Notre objectif principal, dans cet article, n’est pas de répondre aux problématiques ci-dessus indiquées, mais de montrer comment les acteurs principaux en la matière continuent à raisonner d’une manière unilatérale sans s’ouvrir sur les autres contraintes qui se présentent  sur le système. Et qui peuvent s’opposer à leurs intérêts ? Et ce, pour une finalité toute simple : un système fiscal peu rentable mais accepté par tous.

Nous essayerons donc de bien relever le constat du système fiscal marocain à travers des instances telles que la Cour des Comptes et le Conseil Economique et Social pour leur objectivité mais aussi à travers les attentes et la position des principaux acteurs qui sont l’administration fiscale (administration de l’exécutif) et le patronat (I), ensuite les ingrédients indispensables de l’amélioration du système fiscal marocain ainsi que la nouvelle mission de l’administration fiscale en tant que service public faisant l’objet de notre présente réflexion (II).

 

I – Attentes et positions des principaux acteurs.

Certes, la Cour des comptes et le Conseil économique et social sont des instances sensées être objectives dans leur raisonnement et leur diagnostic mais parfois, on sent qu’elles n’intègrent  pas dans leur manière de voir la problématique dans sa globalité car le Gouvernement, le patronat et le simple citoyen[2] peuvent avoir des attentes catégoriquement opposées.

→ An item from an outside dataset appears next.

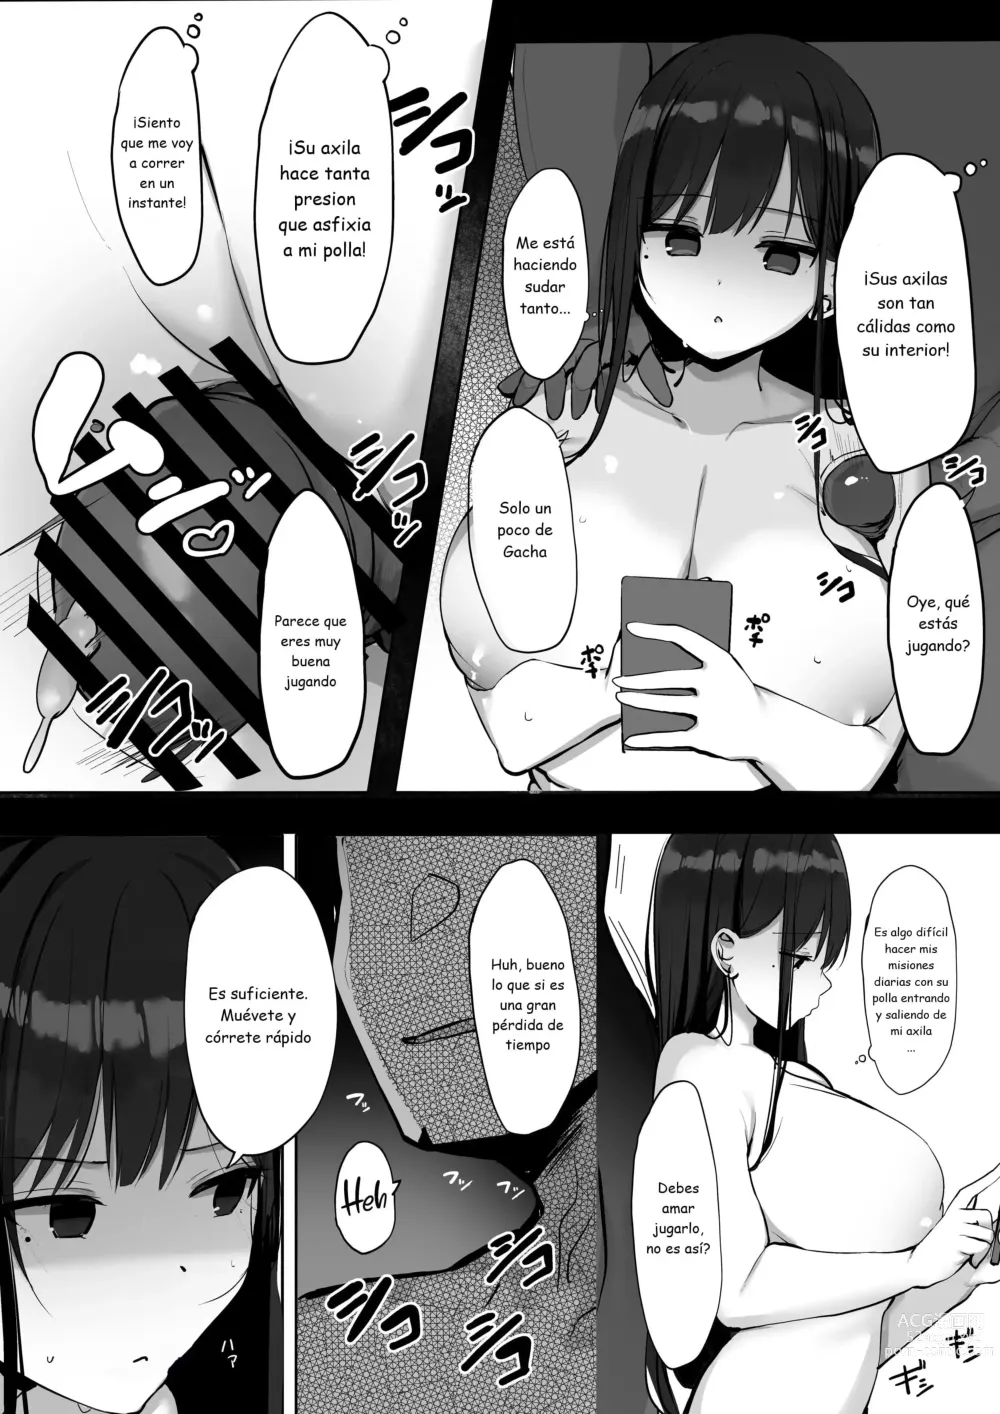 Page 20 of doujinshi Hey, donde está el condón?

« A fin mars 2012, les services d’assiette de l’administration des impôts gèrent environ 1,5 millions de contribuables (IS et IR) dont près de 315.000 sont des personnes morales et près de 1,2 millions des personnes physiques, en plus des contribuables soumis aux impôts locaux et ceux taxés à l’occasion d’opérations ponctuelles (droits d’enregistrement et de timbre, IRPI, TVA livraison à soi même…etc. » Nous dit la Cour des Comptes[3].

Les assises nationales sur la fiscalité, organisées le 29 et 30 avril 2013 ont révélé, effectivement, que notre système fiscal souffre de plus d’un mal.

A cette occasion, le premier homme de l’exécutif[4] s’interroge :

  • Est – il logique que moins de 2% des sociétés contribuent pour plus de 80% aux recettes de l’impôt sur les sociétés ?
  • Est – il équitable que 60% des sociétés déclarent un déficit et que 50% des sociétés, hors celles nouvellement créées, déclarent un déficit  et que 75% des recettes de l’impôt sur le revenu proviennent des salaires ?

Pour mettre de l’ordre dans ce début de réflexion, nous devons admettre que l’illogique et l’équité, ci-dessus indiquées, sont des conséquences du système fiscal actuel et non des causes de son efficience.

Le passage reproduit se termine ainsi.